Schedulers.jl

Shedulers.jl provides elastic and fault tolerant parallel map (epmap) and parallel map reduce methods (epmapreduce!). The primary feature that distinguishes Schedulers parallel map method from Julia's Distributed.pmap is elasticity where the cluster is permitted to dynamically grow/shrink. The parallel map reduce method also aims for features of fault tolerance, dynamic load balancing and elasticity.

This package can be used in conjunction with AzSessions.jl, AzStorage.jl and AzManagers.jl to have reasonable parallel map and parallel map reduce methods that work with Azure cloud scale-sets. The fault handling and elasticity allows us to, in particular, work with Azure cloud scale-sets that are using Azure Spot instances.

Implementation details

The current implementation of the parallel map reduce method uses shared storage (e.g. NFS, Azure Blob storage...) to check-point local reductions. This check-pointing is what allows for fault tolerance, and to some extent, elasticity. However, it is important to note that it comes at the cost of IO operations. It would be useful to investigate alternatives ideas that avoid IO such as resilient distributed data from Spark.

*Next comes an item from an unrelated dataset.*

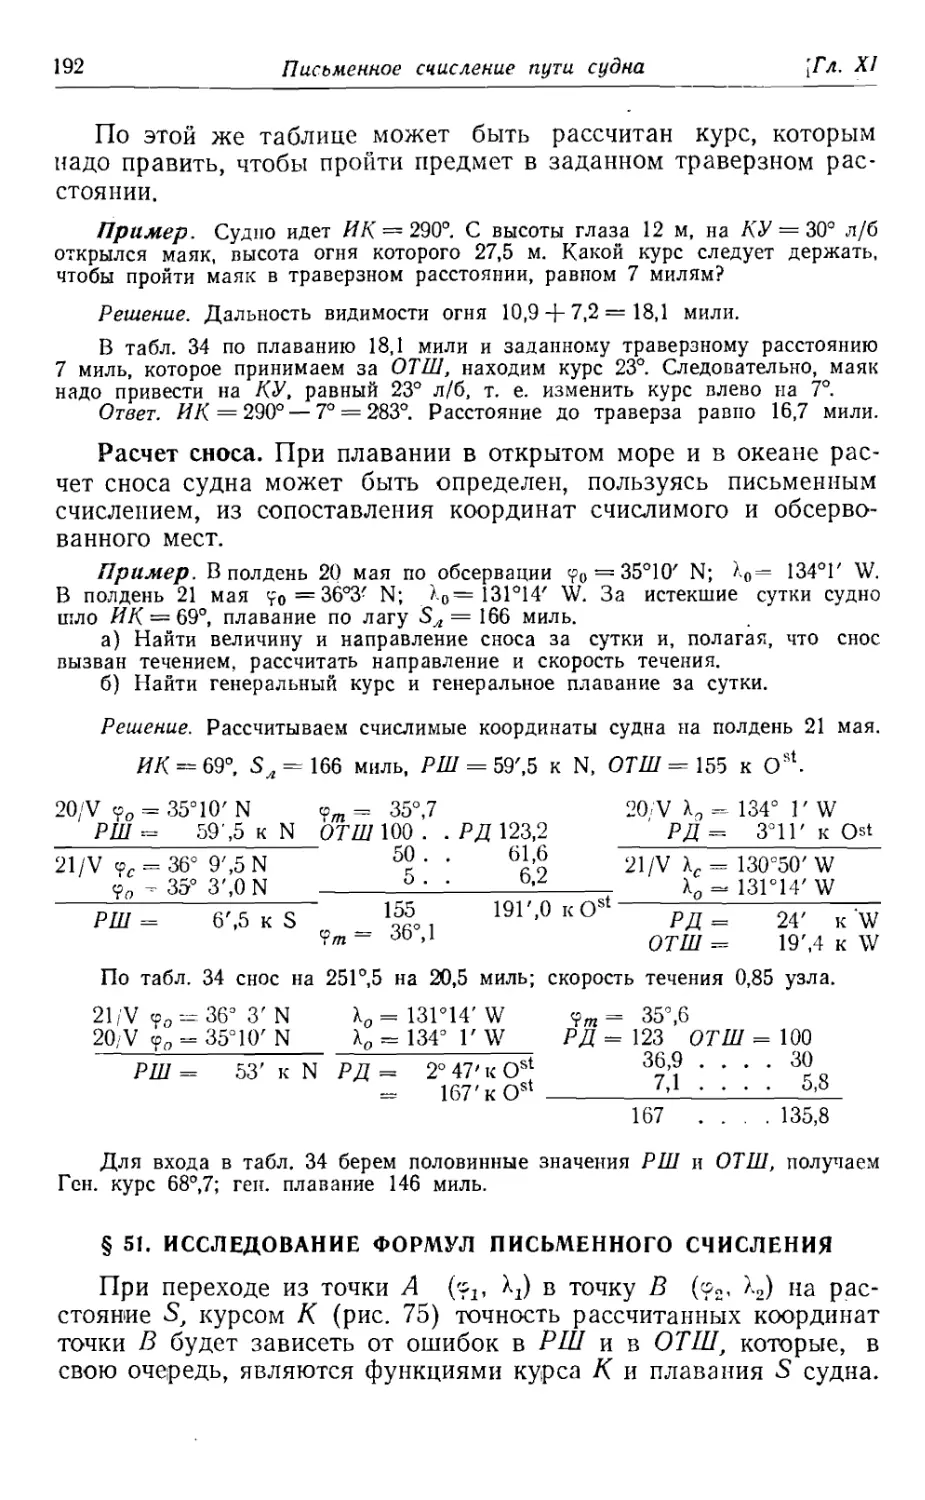 51. Исследование формул письменного счисления
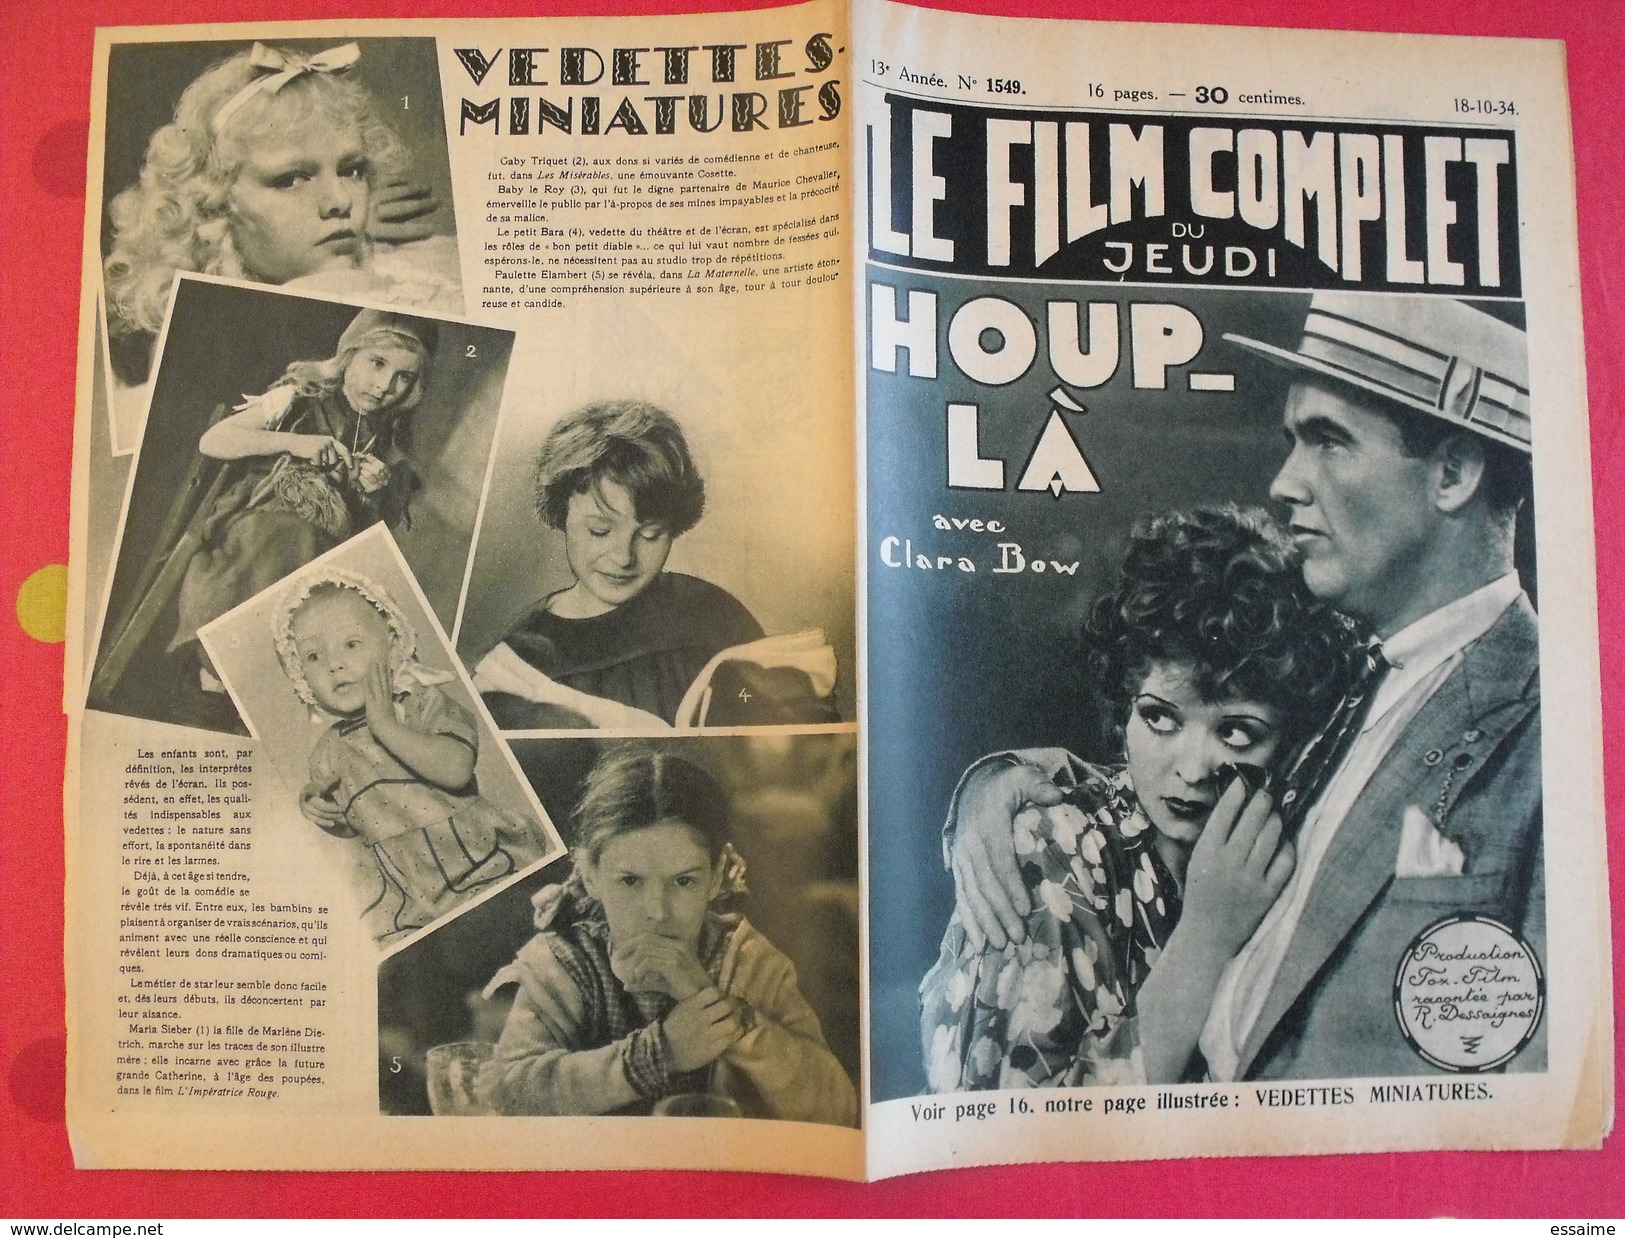 9 revues "le film complet" 1934. joan crawford paulette dubost marlène dietrich jean arthur brigitte helm simone simon

The map and the reduce in the epmapreduce! method are asynchronous. The map is prioritized, but when the number of tasks that need to be mapped over is less than the number of machines, the reduction over available check-points can begin. In certain cases this can help to hide the cost of the reduction by overlapping with the map. In addition, it can make better use of the cluster such that machines that would otherwise be idle can be used for the reduction.